BEIJING (Dow Jones Newswires), November 10, 2008
French oil major Total SA and Chinese state oil company PetroChina Co. are close to giving the go-ahead to develop a major natural gas block in northwestern China, after exploration and evaluation lasting two and a half years.
The Sulige South block covers an area of 2,390 square kilometers.
It is part of the Sulige field, one of the most resource-rich areas in China and itself part of the giant Changqing oil and gas field.
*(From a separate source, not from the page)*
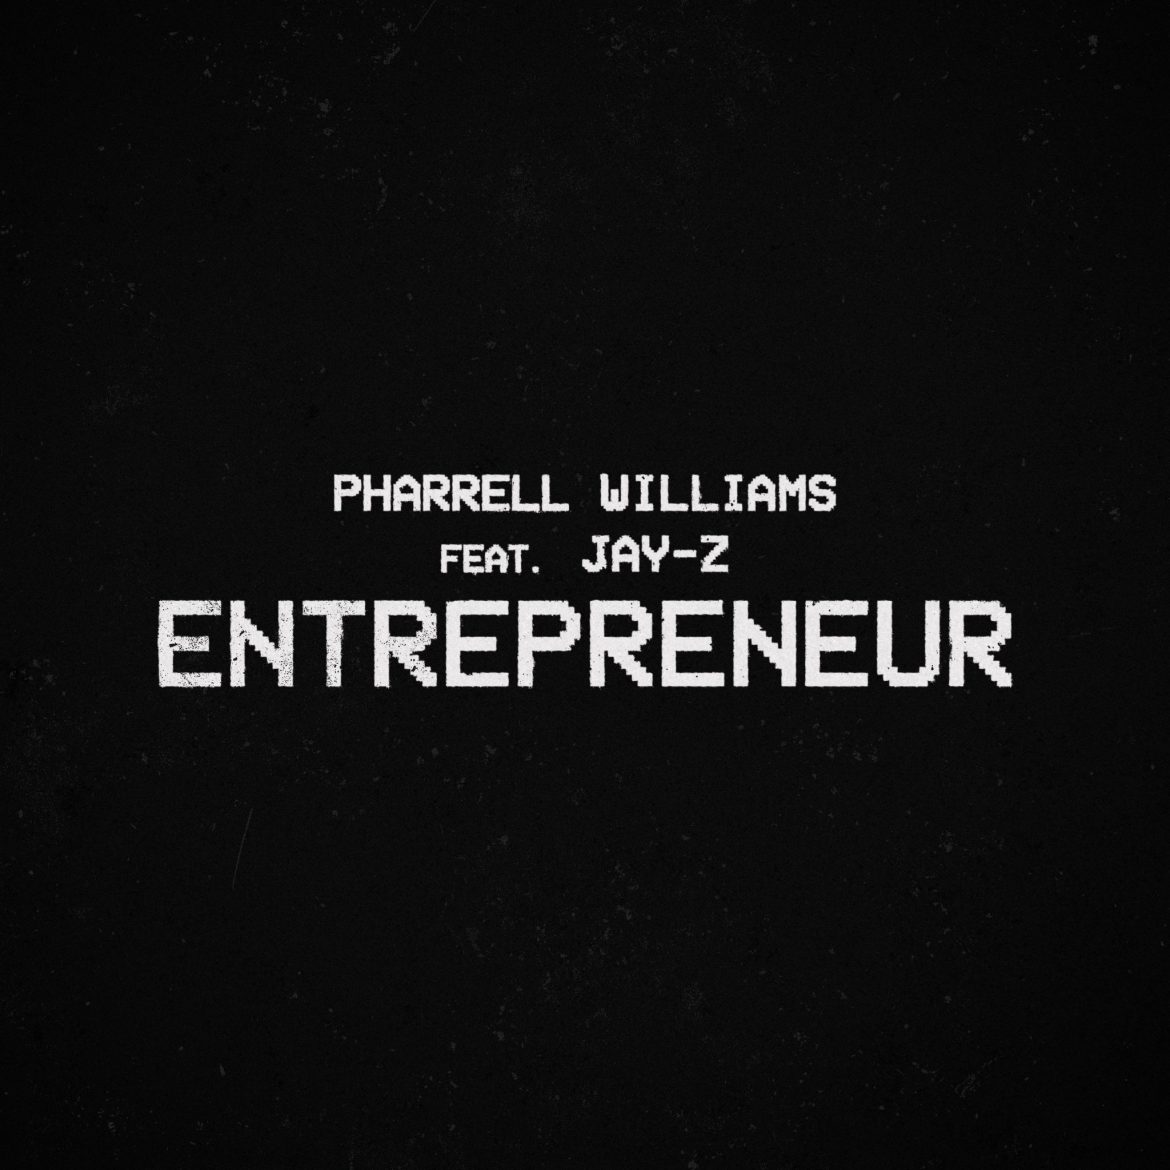 Pharrell Williams i JAY-Z oddają cześć czarnym przedsiębiorcom
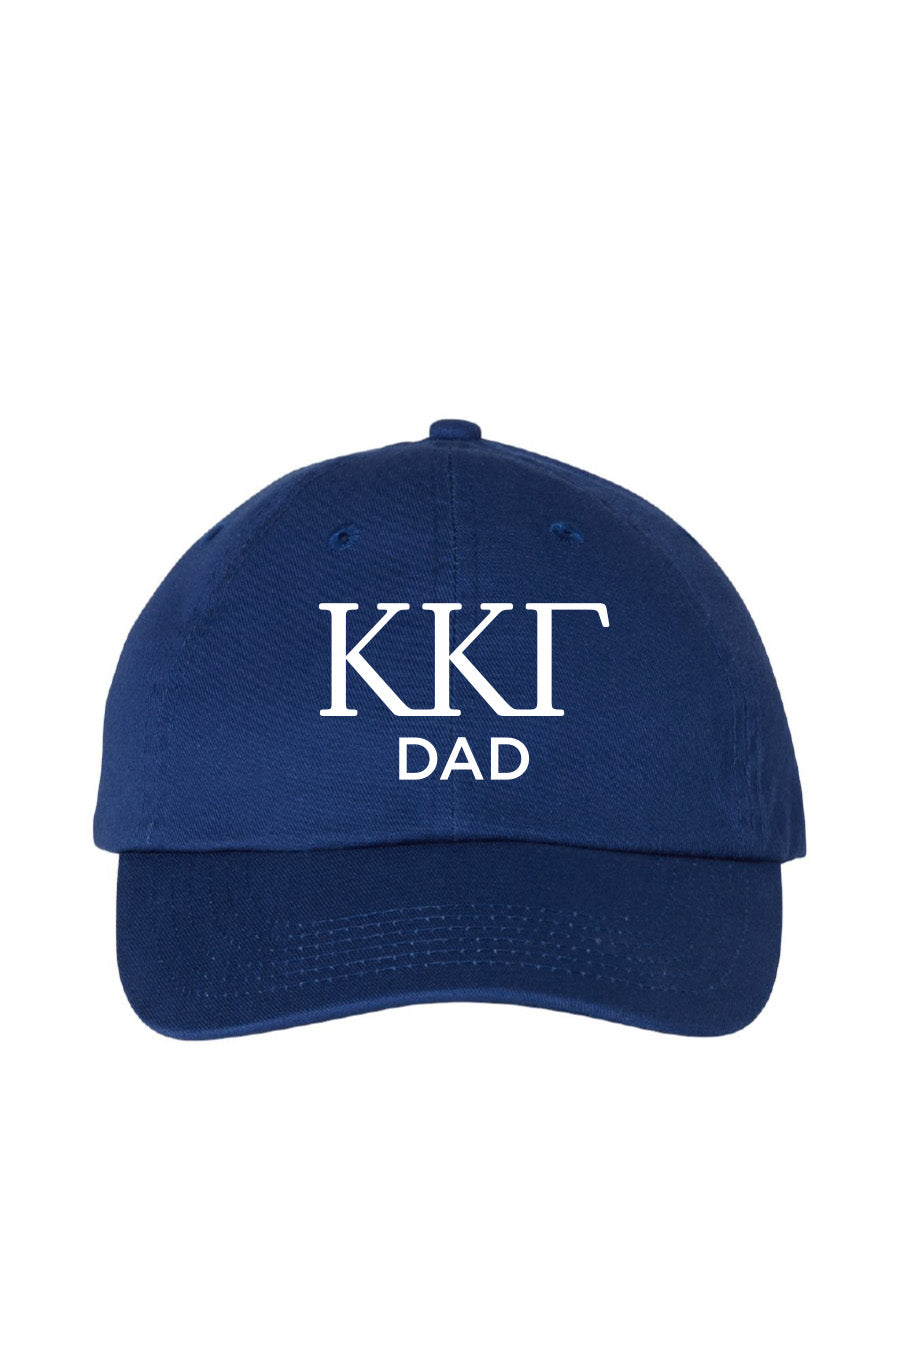 KKG Dad Hat

Sulige has proven reserves of more than 534 billion cubic meters, according to a statement on CNPC's Web site.
In 2006, Total and PetroChina signed a production-sharing contract for the evaluation, development and production of natural gas in the block which at the time had proven reserves of more than 100 billion cubic meters.
"This is a highly challenging project due to the very tight nature of the gas reservoirs, at circa 3,500 meters in depth," said Total in its China Web site.
Total has proven expertise in gas an oil reserves at great depth, in areas with difficult terrain and in developing reserves with high sulfur content, the Web site said.
PetroChina says it expects gas output from the Sulige field to grow to 20 million cubic meters a day by end 2008.
Earlier this year, CNPC said output at the Changqing was expected to reach 30 million metric tons of oil equivalent by the end of 2009.
In June this year, PetroChina put China's largest natural gas processing plant into operation at the Sulige field, a unit capable of processing 5 billion cubic meters of natural gas a year. It has another smaller processing unit in operation and plans to build a third one.
The gas from the field is both piped to Beijing and used to serve local needs.
PetroChina also has an agreement with Royal Dutch Shell PLC to assess gas reservers in a nearby area.